Relations between the cryptocurrency industry and the U.S. Securities and Exchange Commission (SEC) have not been the best lately, but it seems that the two sides have finally come to an agreement given that the SEC has apparently changed its view on cryptocurrency listed funds exchange-traded (ETF). If approved by the SEC - which we believe is likely - these types of funds could generate a significant influx of investors in the Bitcoin and Ethereum space.

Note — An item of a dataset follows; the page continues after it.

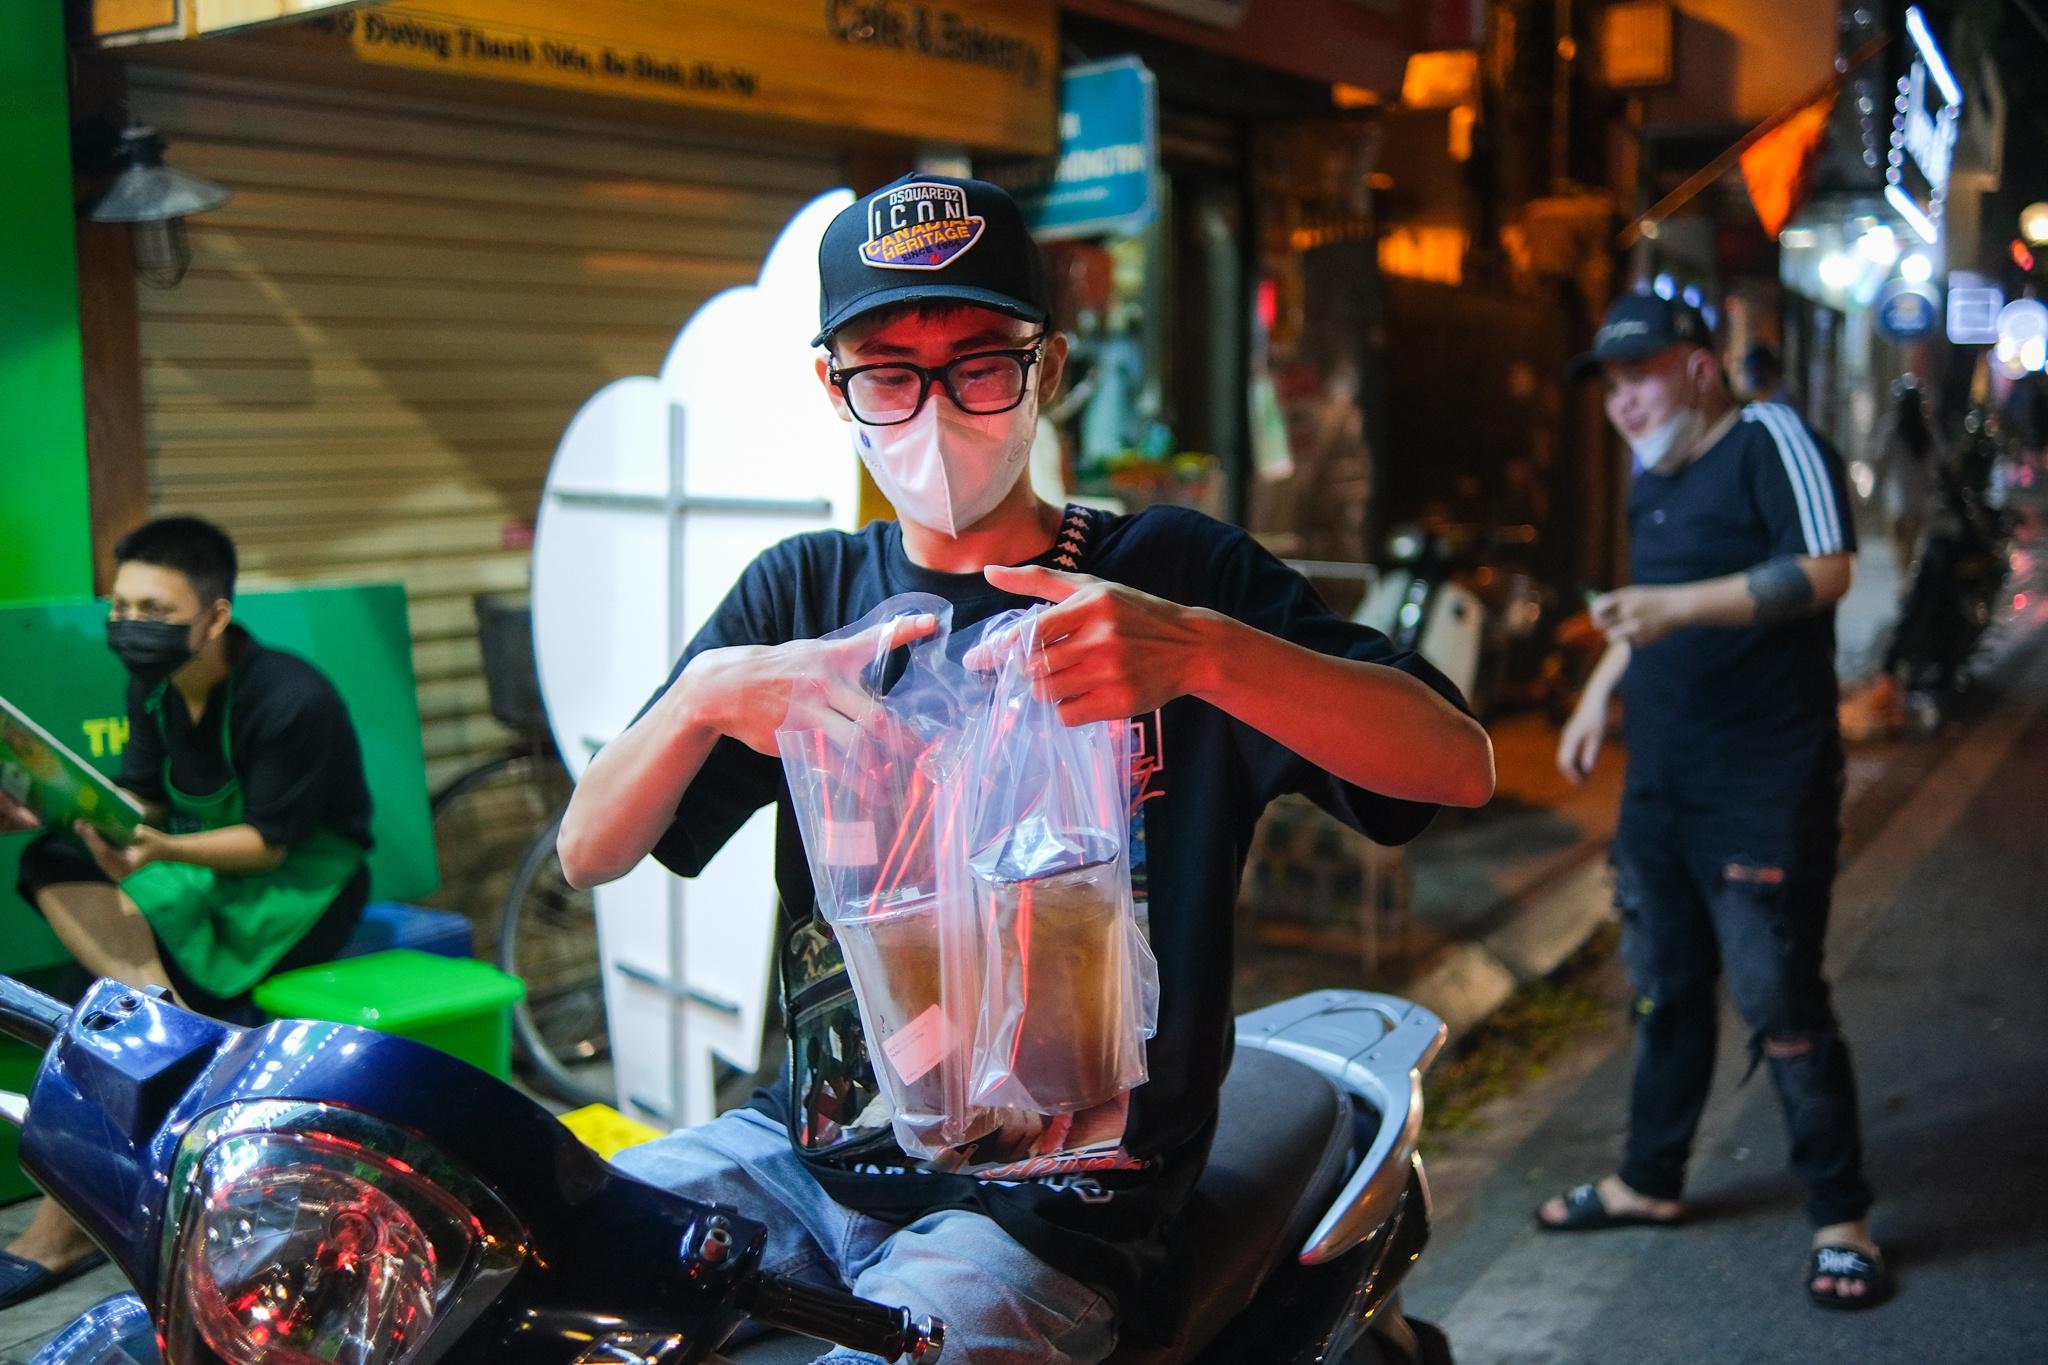 Bán mang về 1.000 cốc trà bí đao mỗi ngày ở Hà Nội - ảnh 1

The cryptocurrency market is volatile, largely unregulated, has a limited trading history, and there are currently heated discussions about whether cryptocurrencies still have any intrinsic value. Regardless of the position on the issue, there is broad consensus that these attributes make the cryptocurrency market stand out from most other markets. Accordingly Cryptocurrencies are a poor benchmark against other markets; the only exceptions are speculative bubbles created by fledgling but long-awaited technologies. In this case, no other market is better suited for comparison purposes. Putting the two markets together, there are significant parallels between cryptocurrencies and the recent surge in artificial intelligence, including the seemingly one-way flow of capital to anything related to AI.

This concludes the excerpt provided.